Prominent Maldivian blogger and journalist Ismail ‘Hilath’ Rasheed is
in a critical condition after he was stabbed in the neck near his house
in Male’ on Monday evening.
Police Sub-Inspector Hassan Haneef confirmed that Rasheed was stabbed
around 8:15pm and was undergoing emergency treatment in ADK hospital.
No arrests have been made, “however there is CCTV in the area and we are trying to get something on it,” Haneef stated.
Police had cordoned off the area around the blood-stained pavement at
time of press. There was on Monday evening no indication as to the
motivation of the attack.
An informed source at ADK hospital said Rasheed was bleeding but
conscious when he was brought to the hospital, and that he was expected
to remain in surgery until 2:30am.
“They slit his throat clean through the trachea, and missed a vital
artery by millimetres,” the source said, around 11:30pm, giving Rasheed a
“five percent chance … It doesn’t look good.”
Early on Tuesday morning the source reported that Rasheed’s condition
had stabilised: “He’ll be in intensive care for a couple of days. He’s
breathing through a tube now.”
Sub-Inspector Haneef said a second individual was stabbed in the back
at 11:00pm near Male’s garbage dump and had been taken to Indira Gandhi
Memorial Hospital (IGMH) in a critical condition. Local media reported
that the victim was believed to be a Bangladeshi national.
Second attack
Rasheed, a once outspoken blogger against extremism and former editor
of newspaper Haveeru, was previously attacked by a group of men on
December 10, 2011 – Human Rights Day – while attending a protest calling
for religious tolerance.
A group of men attacked the protesters with stones, and Rasheed was taken to IGMH with a fractured skull.
He was subsequently arrested by police for questioning over his involvement in the protest gathering, and jailed for over three weeks.
Amnesty International declared him a ‘prisoner of conscience’,
and said it was “dismayed that instead of defending Ismail ‘Khilath’
Rasheed, who has peacefully exercised his right to freedom of the
expression, the government of Maldives has detained him. Moreover, the
government has taken no action to bring to justice those who attacked
the ‘silent’ demonstrators, even though there is credible photographic
evidence of the attack.”
The Foreign Ministry subsequently called for an investigation “by relevant authorities” into the attack on the protest.

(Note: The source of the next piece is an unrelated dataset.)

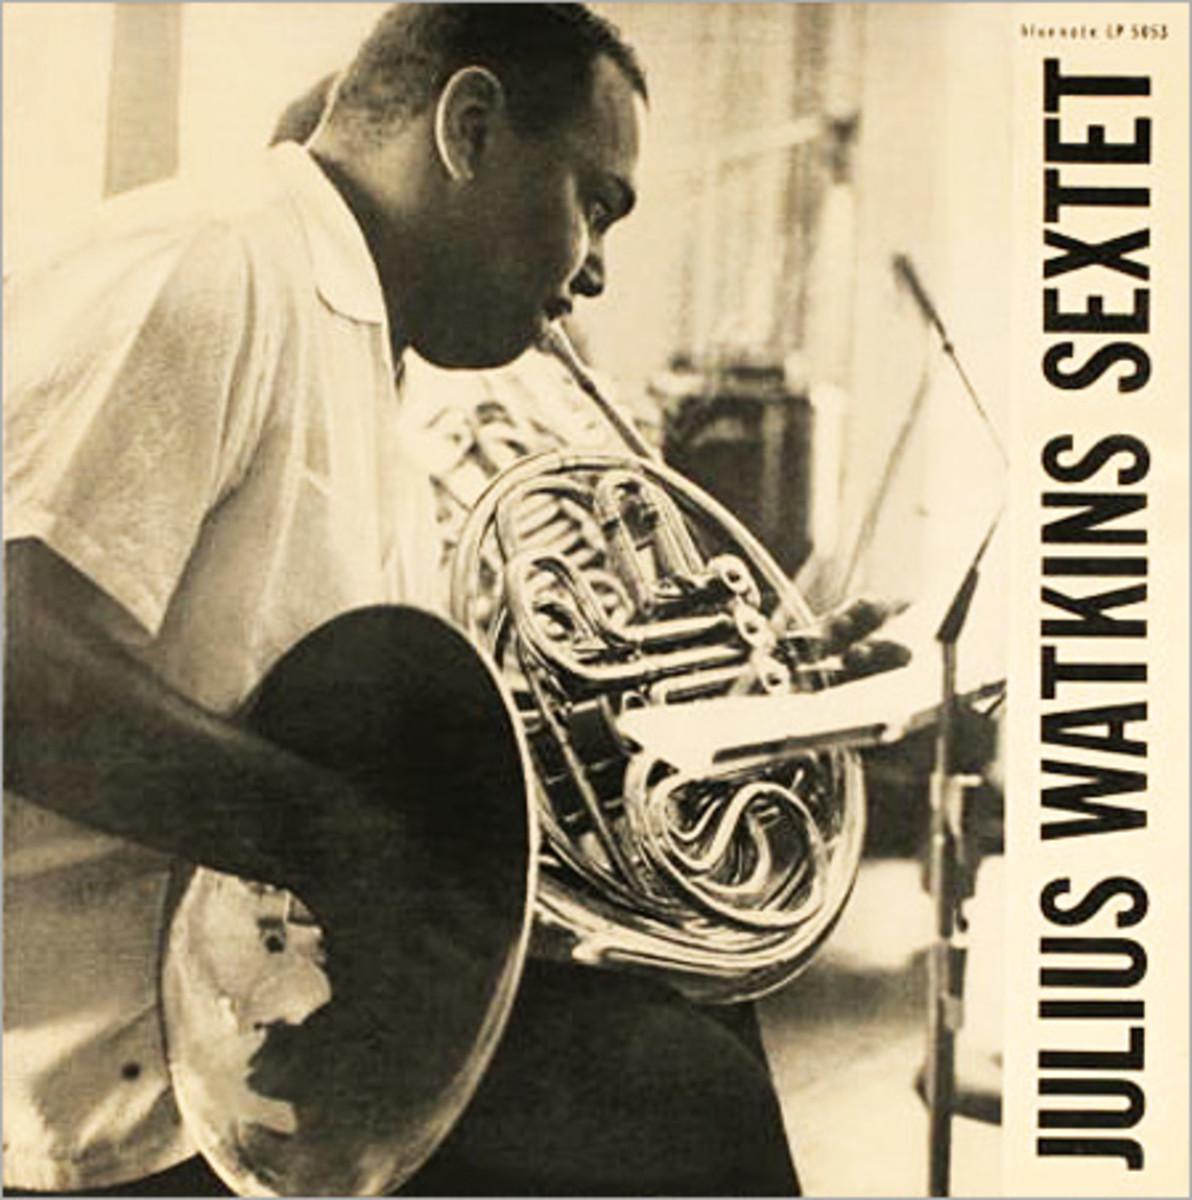 "Julius Watkins ""Julius Watkins Sextet"" Blue Note Records BLP 5053 10"" LP Vinyl Microgroove Record (1955) Album Cover Design and Photo by Bill Hughes"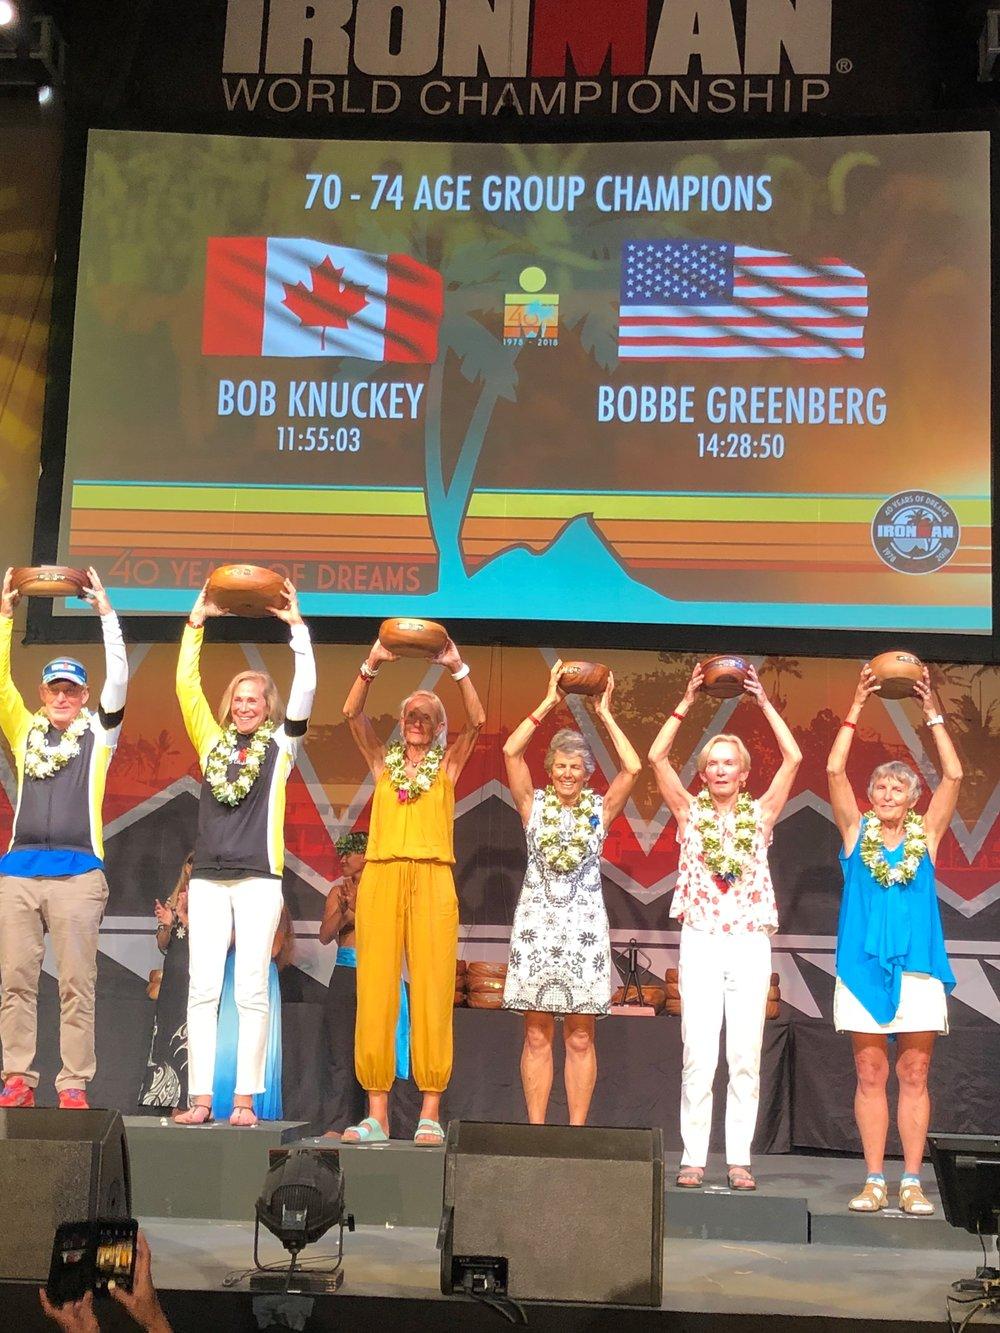 Coach_Terry_Wilson_Pursuit_of_The_Perfect_Race_IRONMAN_World_Championship_Kona_Bobbe_Greenberg_1.jpg

Reporters Without Borders (RSF) also condemned both the December 10
attack on Rasheed and his arrest, noting that he was not only one of the
country’s leading free speech advocates, but one of the few Maldivians
bloggers to write under his own name.
“The Maldivian constitution bans the promotion of any religion other
than Islam but guarantees freedom of assembly and expression as long as
it does not contravene Islam.
Rasheed professes to be an adherent of
Sufism, which emphasises the inner, spiritual dimension of Islam,” RSF
stated at the time.
Censored blogger
Rasheed’s popular and controversial blog, www.hilath.com, was blocked in November 2011
by the Communications Authority of the Maldives (CAM) on the order of
the Ministry of Islamic Affairs. The Ministry made the request on the
grounds that the site contained anti-Islamic material, CAM confirmed at
the time.
Hilath claimed he was being censored for expressing his version of
Islam, and called for more freedom of interpretation within the faith.
“I call upon all concerned to amend the clause in the constitution
which requires all Maldivians to be Sunni Muslims only,” his statement
read. “‘Unto you your religion and unto me my religion,’ and ‘There is
no compulsion in religion’,” he said, quoting Qur’an 109:6 and 2:256.
Hilath claimed at the time that the blocking of his website had a
political edge: “If Sunni Muslims are the conservatives, then the Sufi
Muslims are the liberals,” he told Minivan News. “I think this is a
conservative attack on the site. They think if you’re not a Sunni,
you’re an unbeliever.”
Following the blocking of his blog and his attack in December,
Rasheed became less outspoken on the subject of religion and withdrew
from the public spotlight.
On May 12 he tweeted
his intention to stop blogging altogether, and stated that he had
“repented and am now a Muslim. But a very tolerant one at that.”